Chinese Economic Beat Spurs Risk Appetite, Weighs on Dollar

    Better-than-expected Chinese growth data on Wednesday boosted Asian currencies, driving the yuan to a one-week high and putting a dampener on the U.S. dollar, which had been trading near a nine-month low ahead of a Fed policy meeting on Tuesday and Wednesday. Investors had hoped the central bank might signal a tightening of policy. Still, in a sign of continued softness in global trade and manufacturing activity, the U.S. Dollar Index fell 0.4% to 101.10.

    Official data showed China’s economy grew 1.3% in the third quarter, accelerating from 0.5% in the previous three months and topping market forecasts for a 3.2% annual growth rate. Retail sales and industrial production data also beat expectations.
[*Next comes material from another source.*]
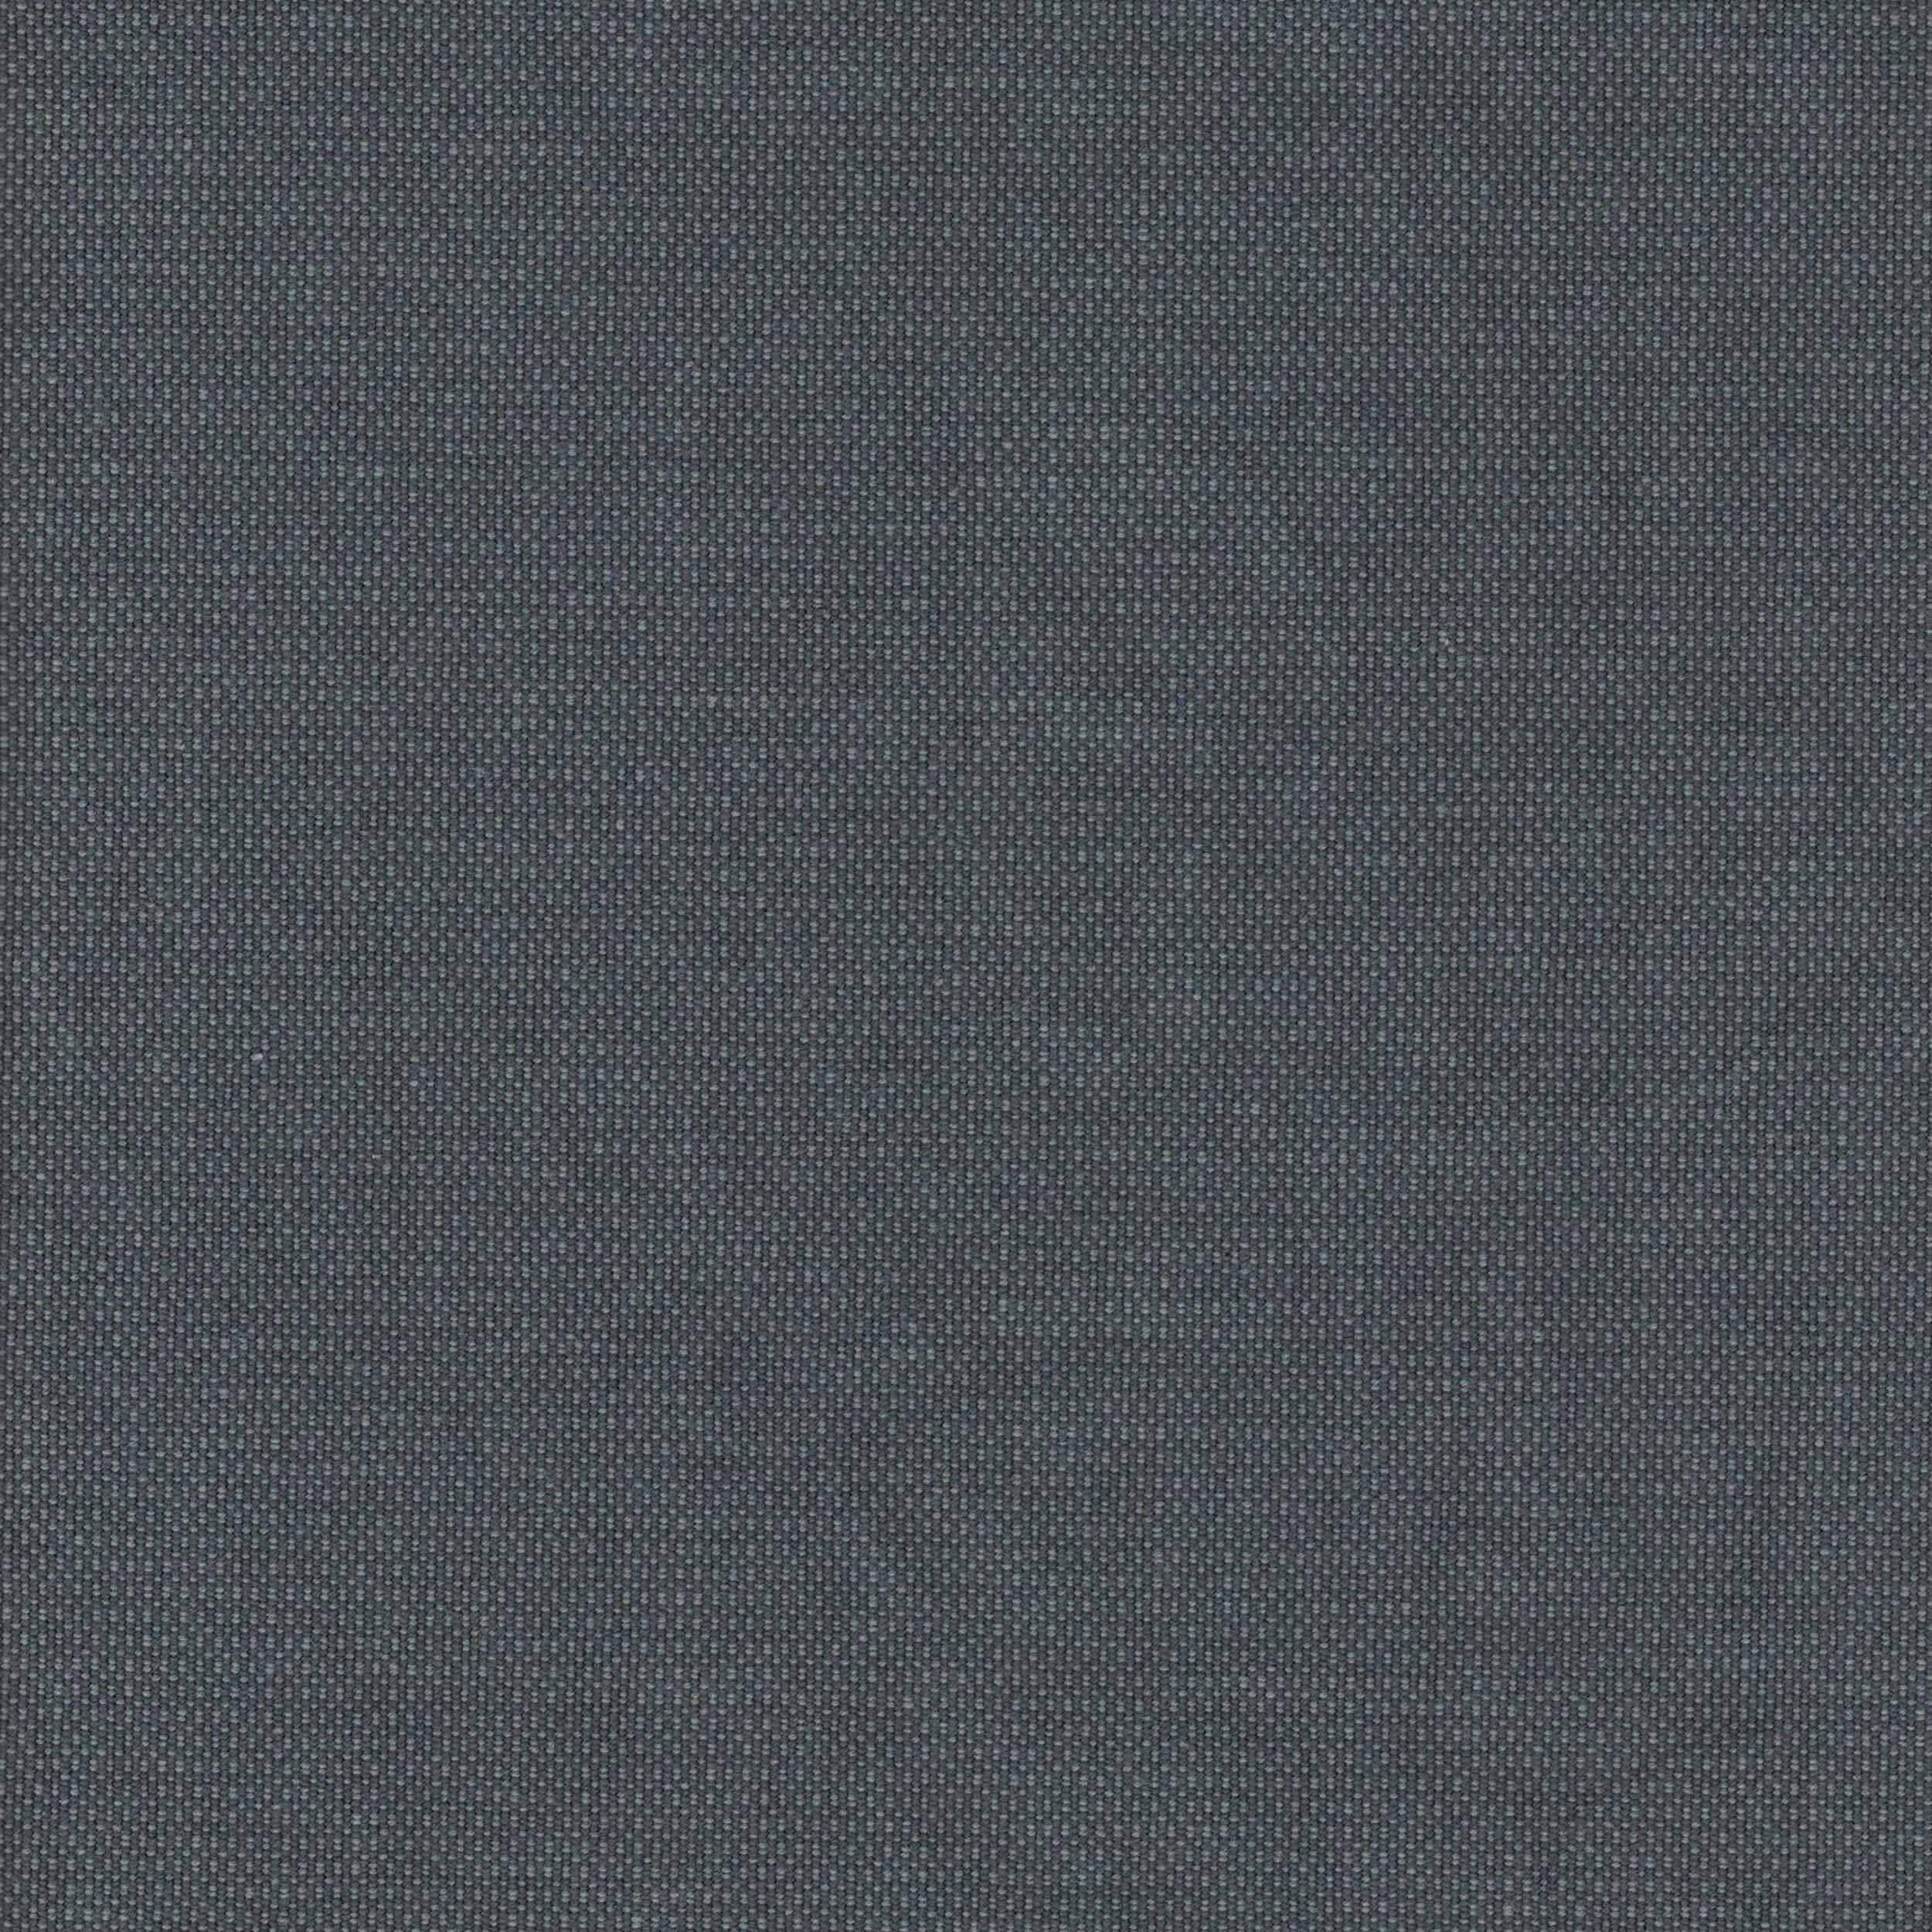 Andre Slipcover Sofa, Dyno White - Fabric - Sofas - Furniture regarding White Fabric Sofas (Image 5 of 30)

Consumer spending, which faltered in the spring after a Covid restriction on imports and a slump in real estate investment, is stabilizing.

    China’s factories are still pumping out a flood of goods, even as consumers at home cut back and a trade war with the United States clouds the outlook. That could help support a more sustainable recovery, although experts say China’s debt levels, a property downturn, and a slowing economy still pose significant risks to growth.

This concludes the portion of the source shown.